In the end, we have to remark that GO annotations of gene products in recent GOA files are still not complete, all the reported results are conservative, since a predicted annotation not appear in the GOA file should not simply be taken as a false positive prediction. This predicted annotation may be lack of experimental evidences, or not curated by GO consortium, and thus it is not included into the GOA file by now. We also want to note that the studied semantic similarity based interspecies gene function prediction can only apply to genes with some annotations. Similar to other techniques, interspecies gene function prediction may result in over-annotated terms to genes. One possible way to mitigate this issue is to integrate with more biological data and work together with other techniques [5355]. Synergy multiple types of biological data from different species, ontology hierarchy and semantic similarity to further boost the performance of interspecies gene function prediction is an interesting future pursue. We believe our work can prompt more work on semantic similarity based gene function prediction across species, especially for the species with high homology.

Conclusions

In this paper, we investigate the possibility of predicting GO annotations of gene products across species using semantic similarity between genes. For this purpose, we adopt three widely used semantic similarity metrics and collect GO annotations of four species (Human, Mouse, Danio rerio and Arabidopsis thaliana). Our extensive experimental results show that interspecies gene function prediction using GO annotations of two highly homologous species is more prominent than that of two species without such high homology. Our investigation shows GO annotations of two homologous species are complementary for each other. However, for two species with low homology, it is not helpful to synergy their GO annotations for interspecies gene function prediction.

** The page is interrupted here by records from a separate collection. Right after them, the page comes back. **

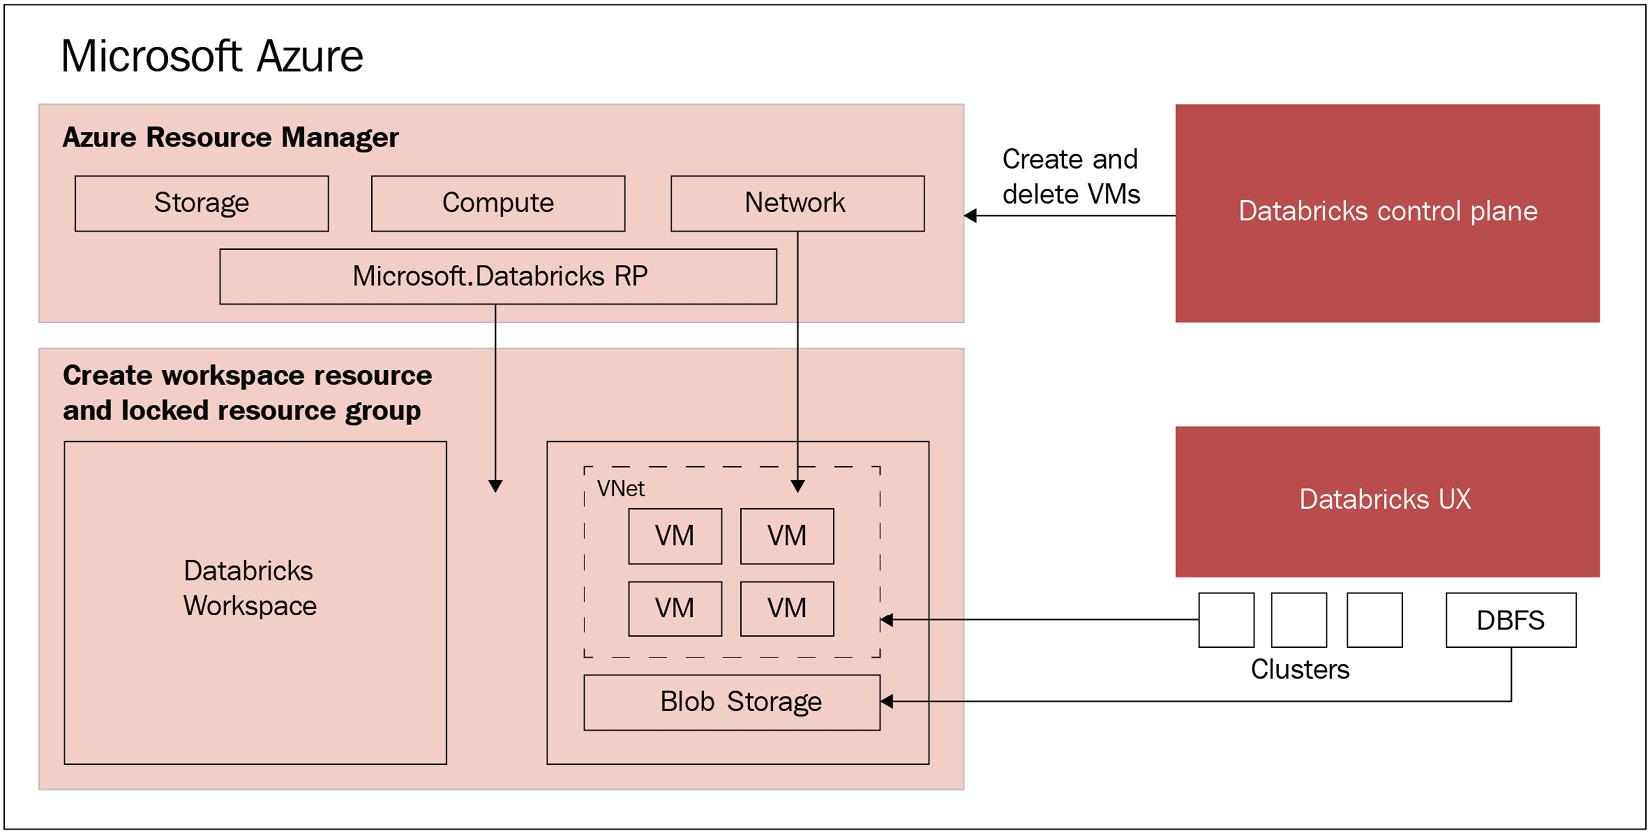 Figure 1.1 – Databricks architecture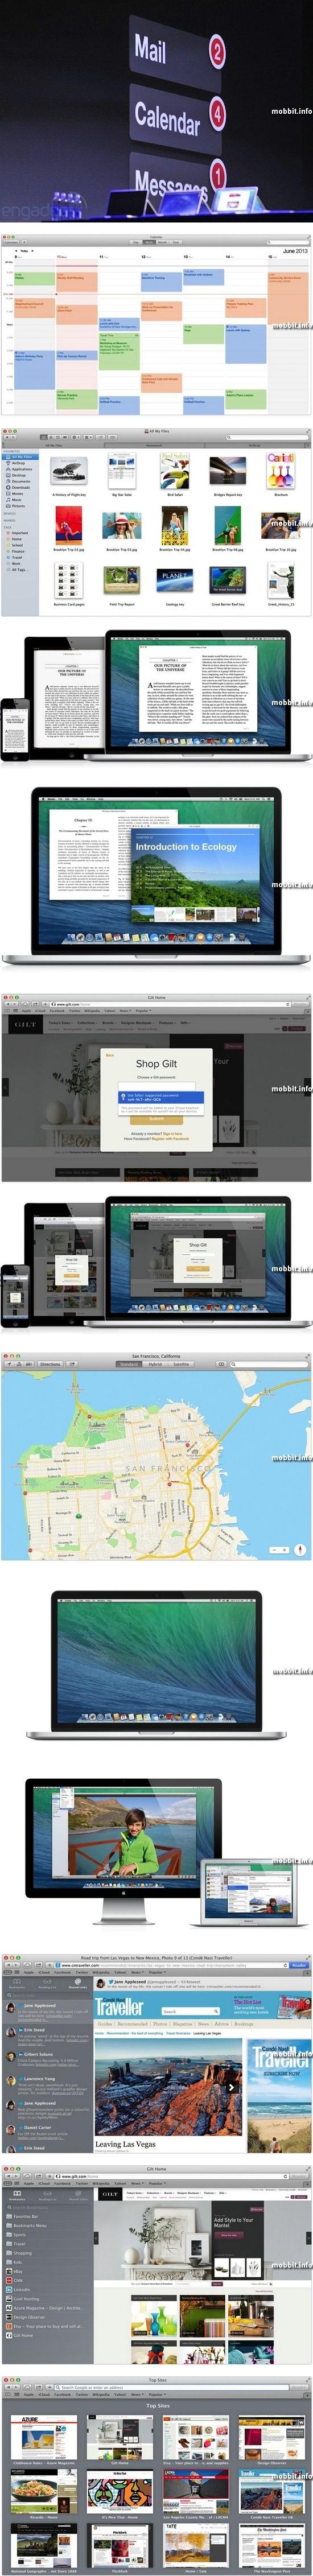 OS X Mavericks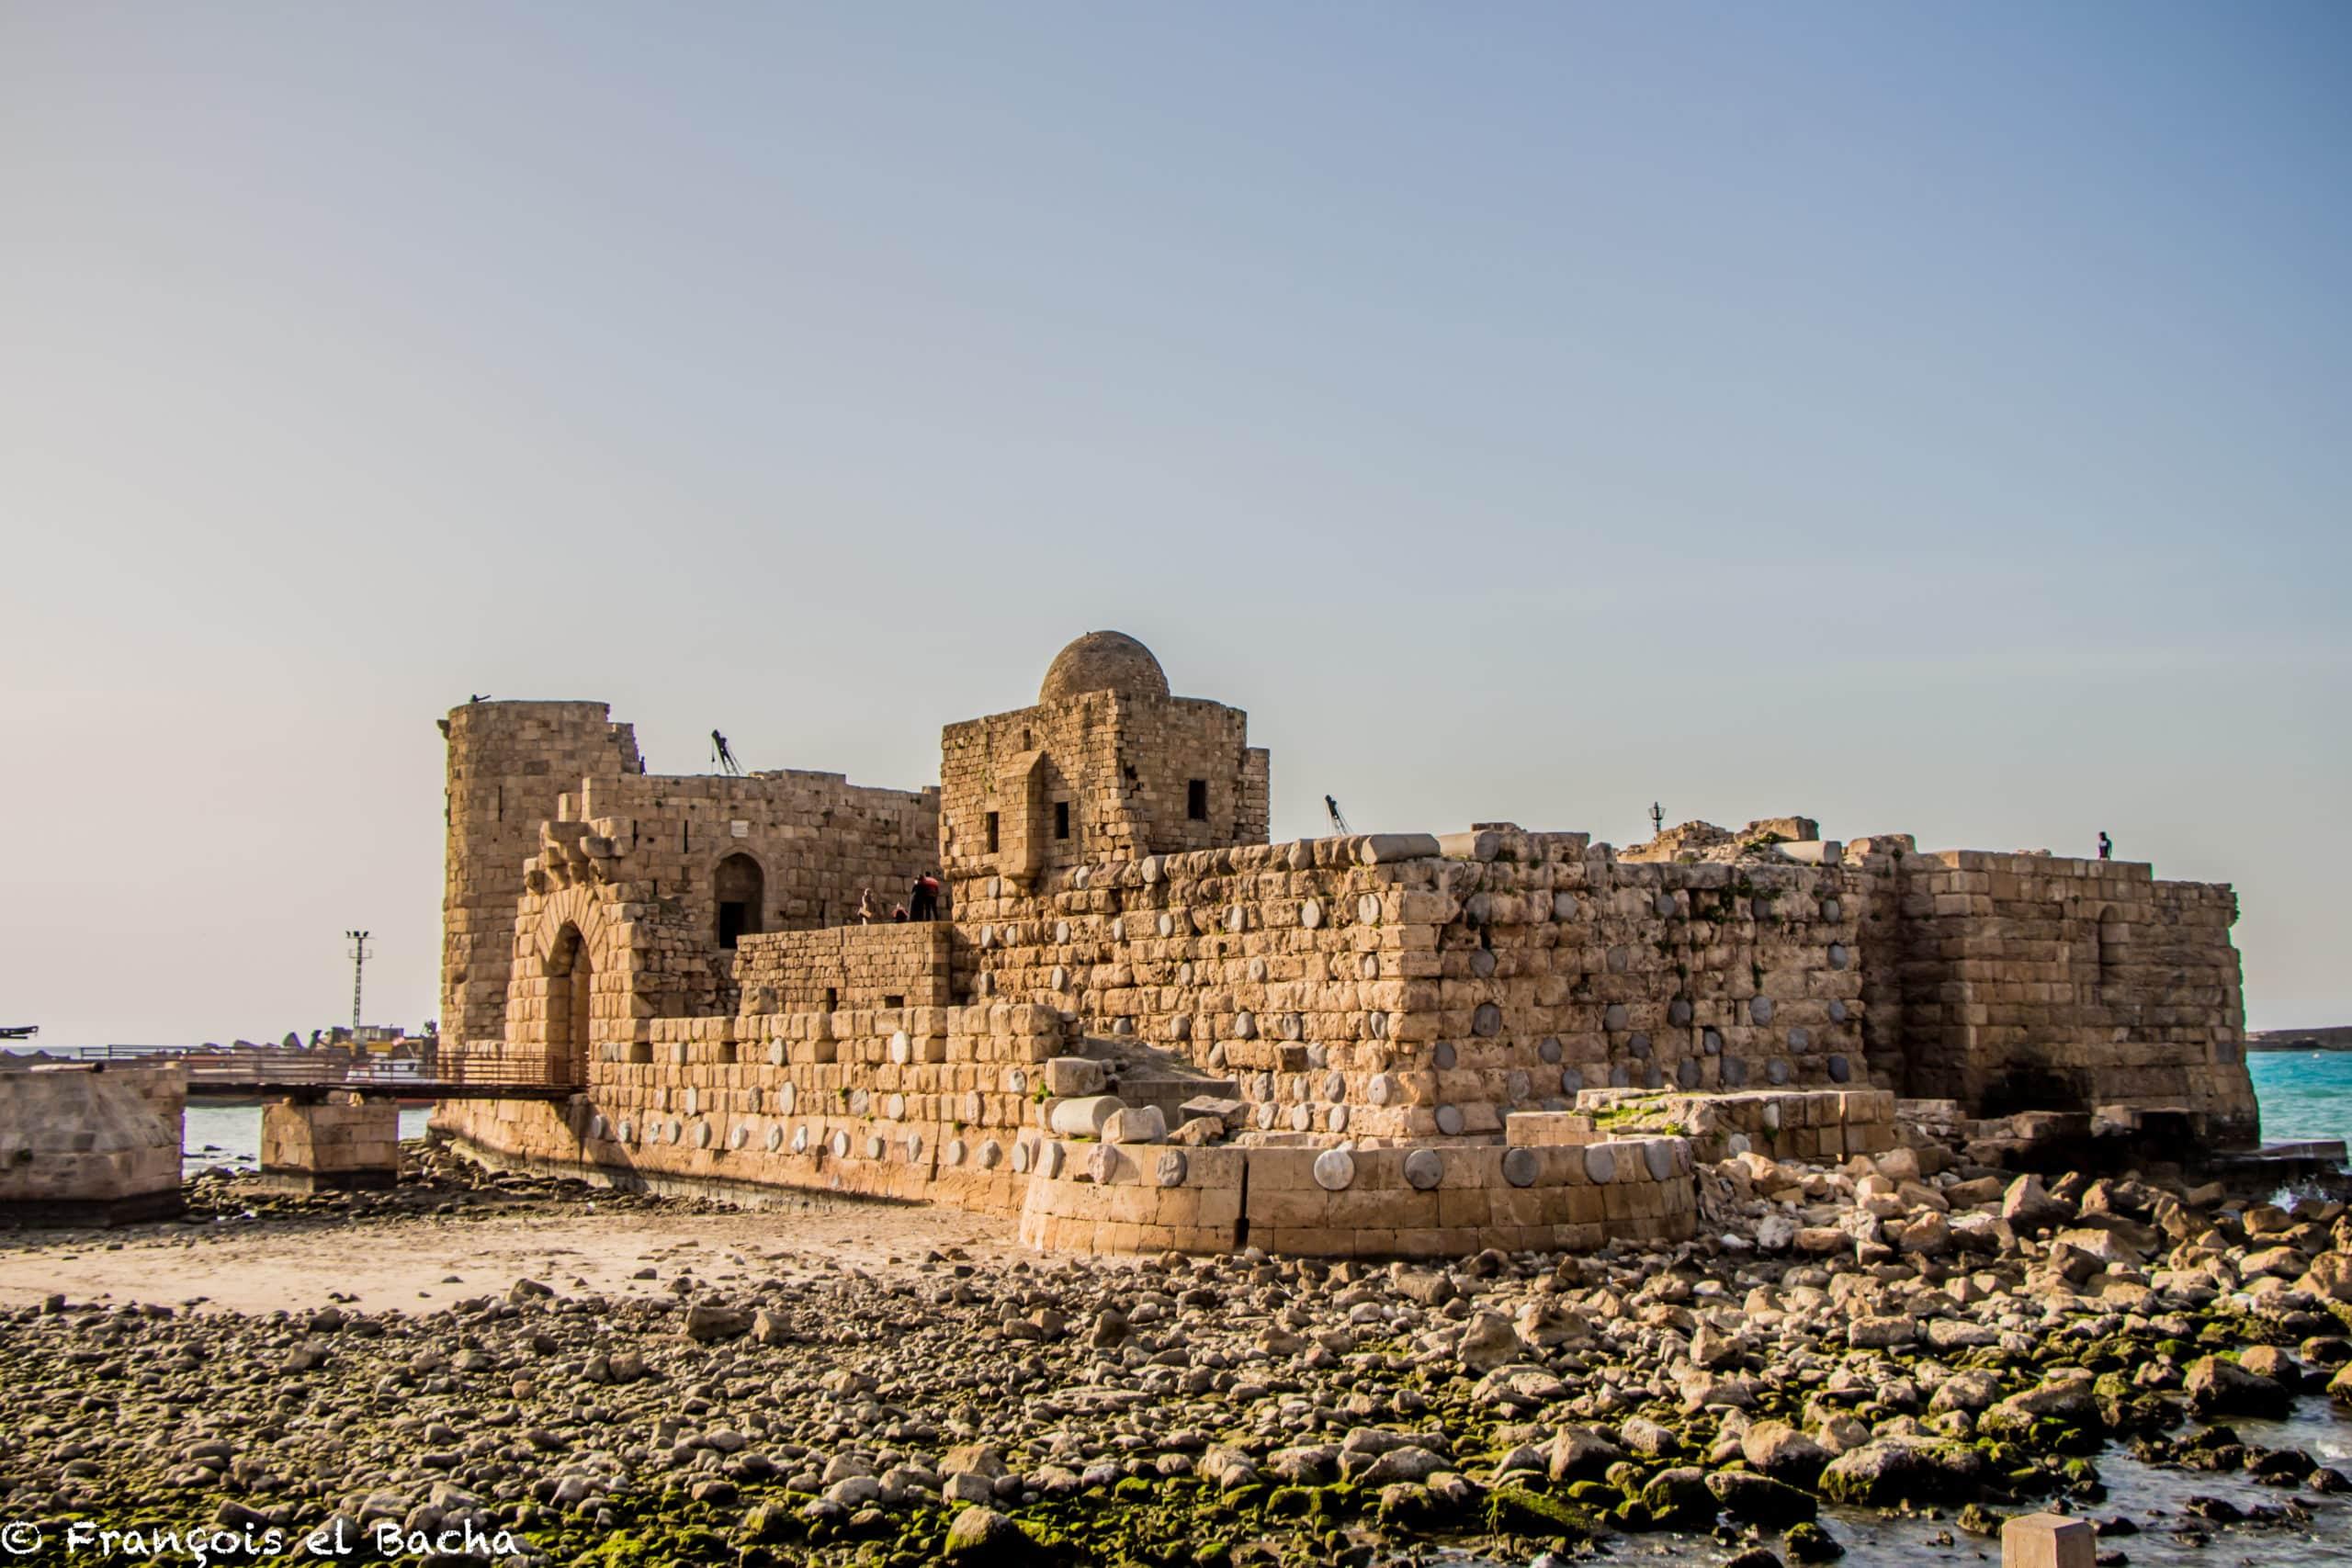 Le Château de la Mer, Saïda, Sud Liban. Crédit Photo: François el Bacha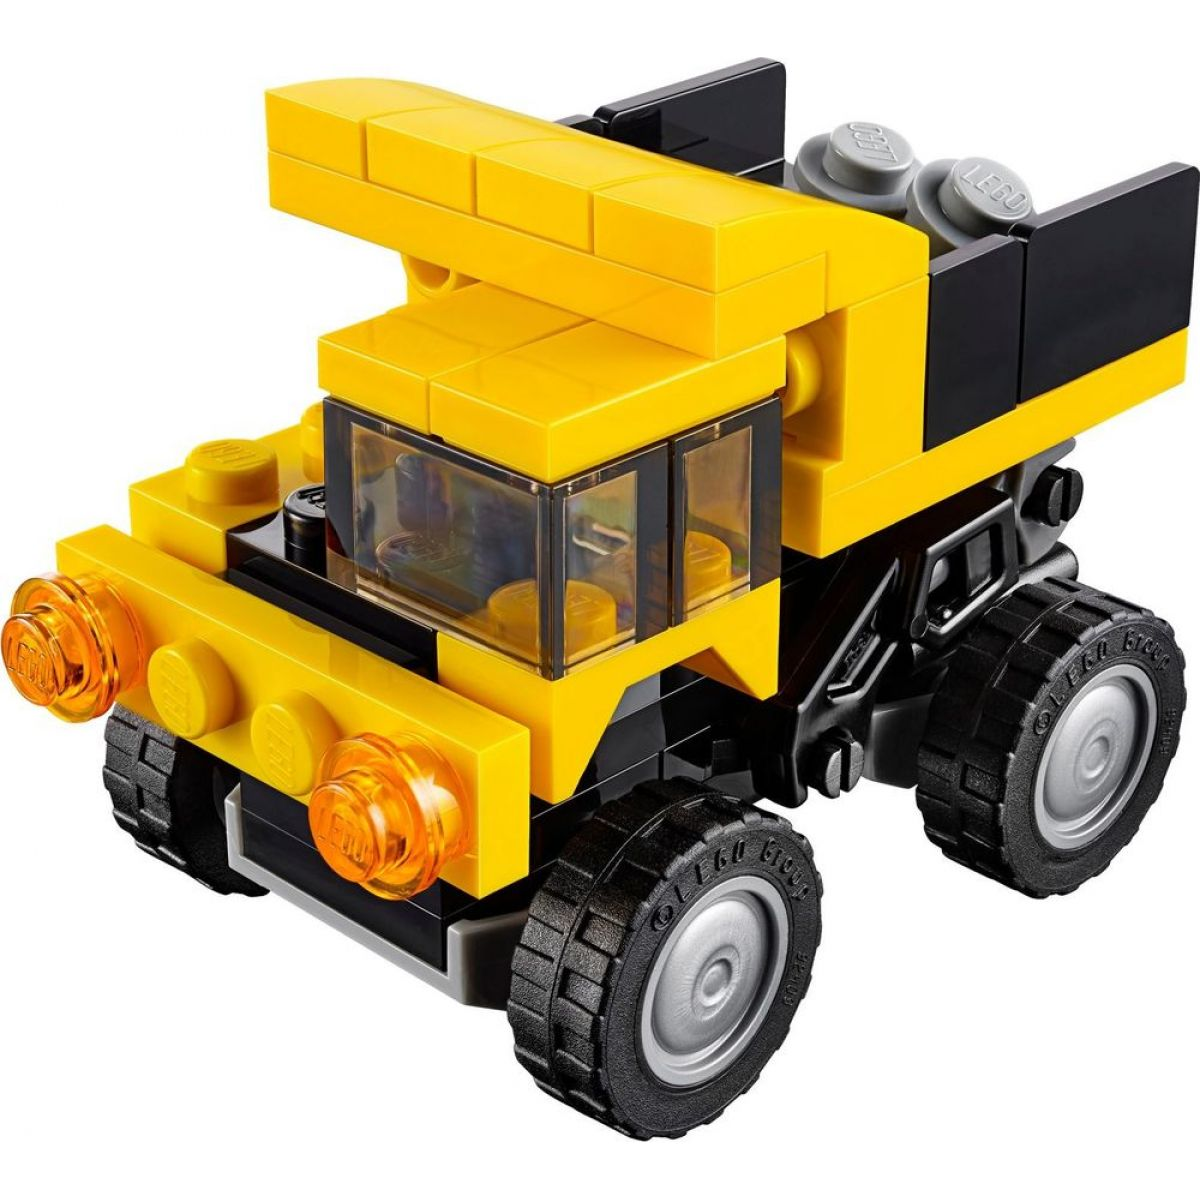 LEGO Creator 31041 Vozidla na stavbě #6

There are several avenues for future work. Adaptive setting k 1 and k 2 can further improve the accuracy of interspecies gene function prediction. Synergy the semantic similarity with other biological data can enhance functional association coherency between genes and thus to boost the prediction accuracy. Designing more advanced semantic similarity metric that takes into account incomplete and shallow annotations of genes is another interesting future pursue.